そして手術からわずか1カ月半後、3月7日にチームに復帰。本格的に練習を再開する。
「やはり抗がん剤を飲みながらなので、日によってコンディションの良し悪しがありましたね。ひどい吐き気などはなかったですが、粘膜が腫れやすかったり、血圧が下がって動きづらかったり。練習時間や場所を調整してもらいつつ調子を上げていきました」
進行したがんを克服して、プロ野球の第一線に復帰する。前例のないことで、医師や球団のトレーナーたちも手探りの状態だったのではと話す。それでも、原口選手自身には復帰までの確固たるイメージがあった。
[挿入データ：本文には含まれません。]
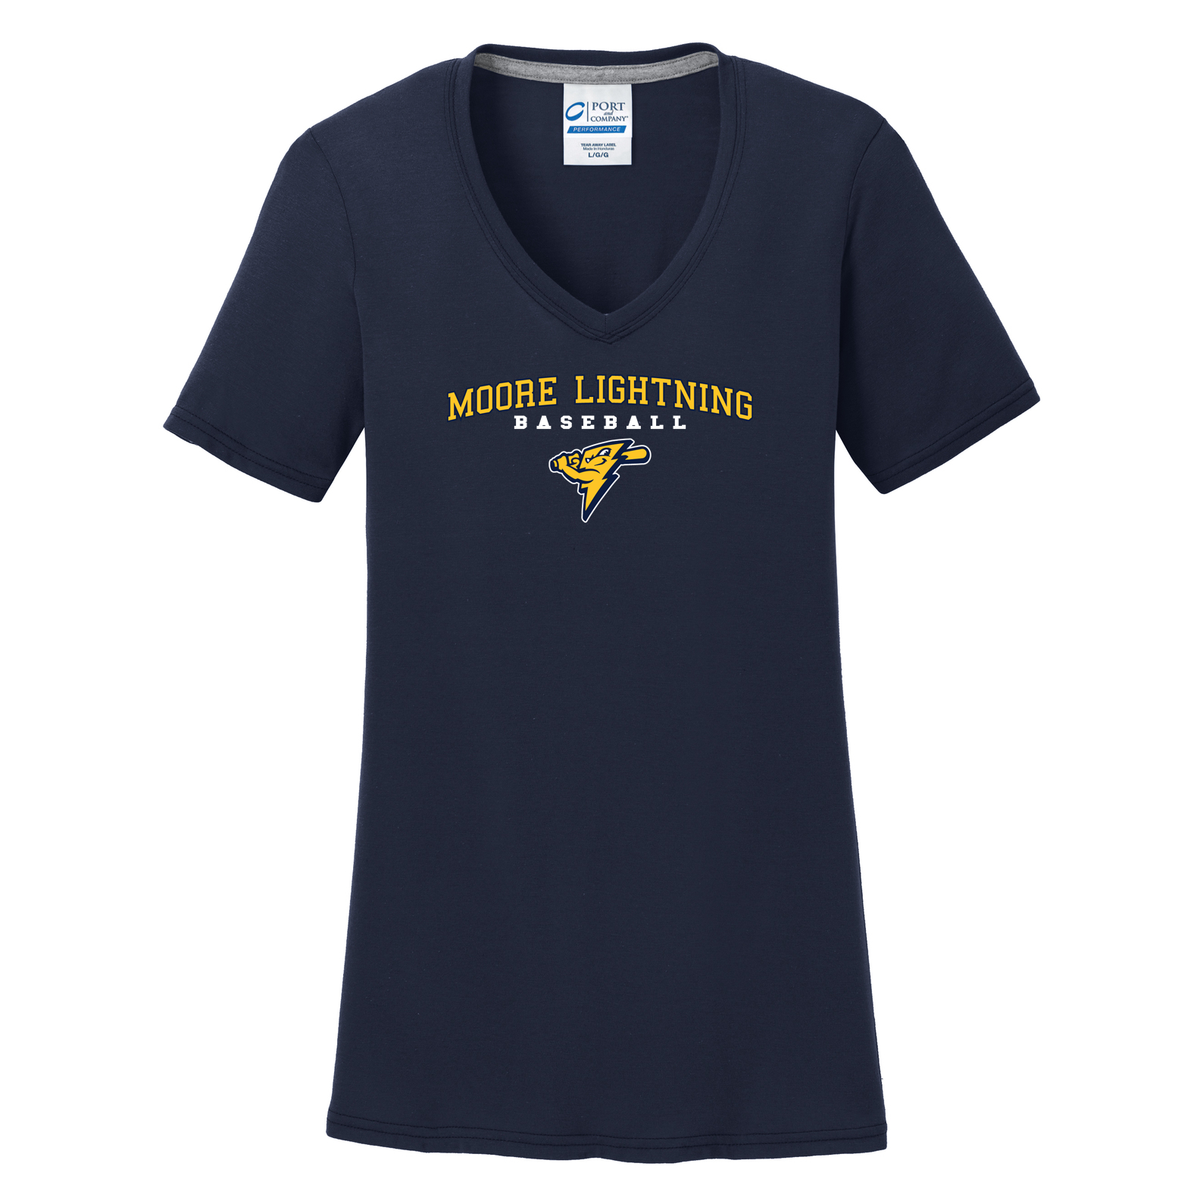 Moore Lightning Baseball  Women's T-Shirt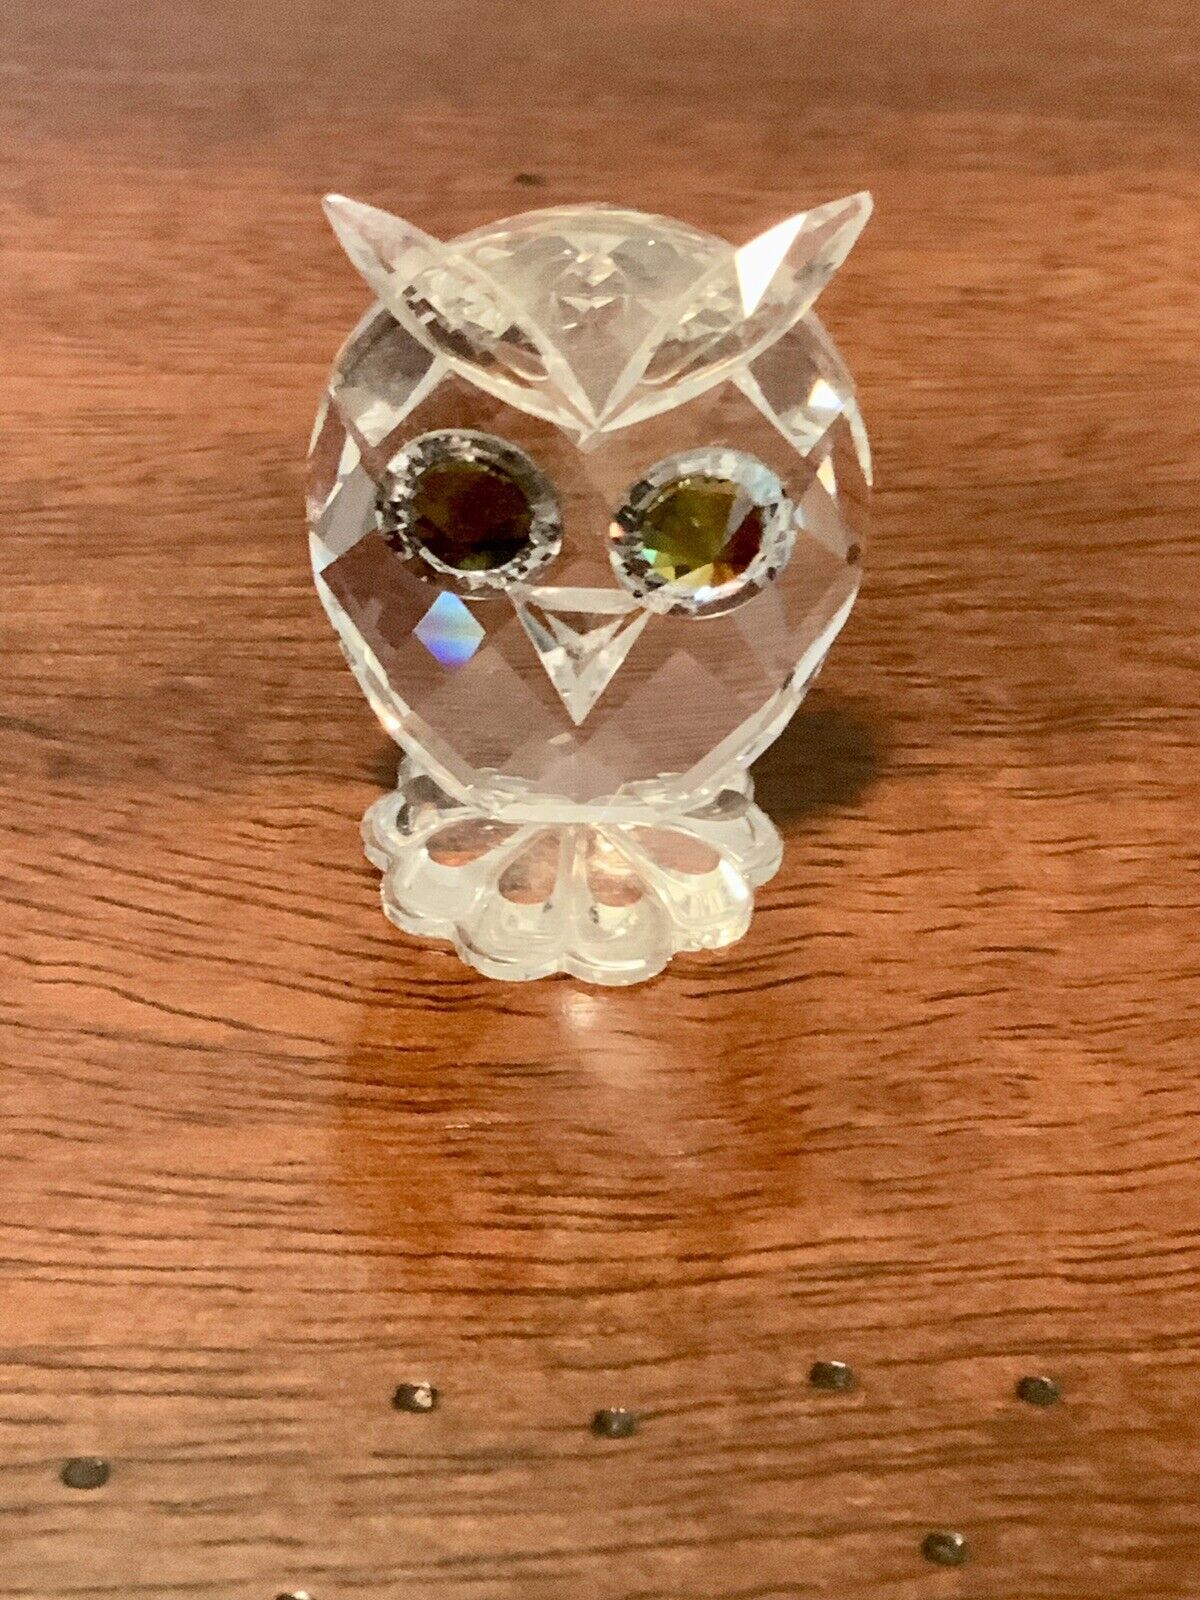 Sweet Vintage SWAROVSKI Crystal - MINI OWL - 1-3/8

「6月の交流戦なら、DH(指名打者。守備に就かない、打撃専門のポジション)があるので。そこが一軍復帰のチャンスだと、自分のなかで目標を立てました。するとそこから逆算して、練習の強度を何月にはここまで上げたいだとか、やるべきことが見えてくる。あとはそれを一つひとつクリアしていくだけです」
その狙い通り、6月4日の対ロッテ戦で一軍に復帰。9回に代打で送り出され、見事なヘッドスライディングで2塁打を決めた。
オールスター戦の忘れられないホームラン
術後の後遺症でトイレの回数がなかなか元に戻らないことや、抗がん剤による体調の波にも悩まされつつも、一軍での出場を重ねていく。そして迎えた抗がん剤治療最終日の7月9日。とっておきの朗報が原口選手のもとに届いた。その年のオールスター出場選手に選ばれたのだ。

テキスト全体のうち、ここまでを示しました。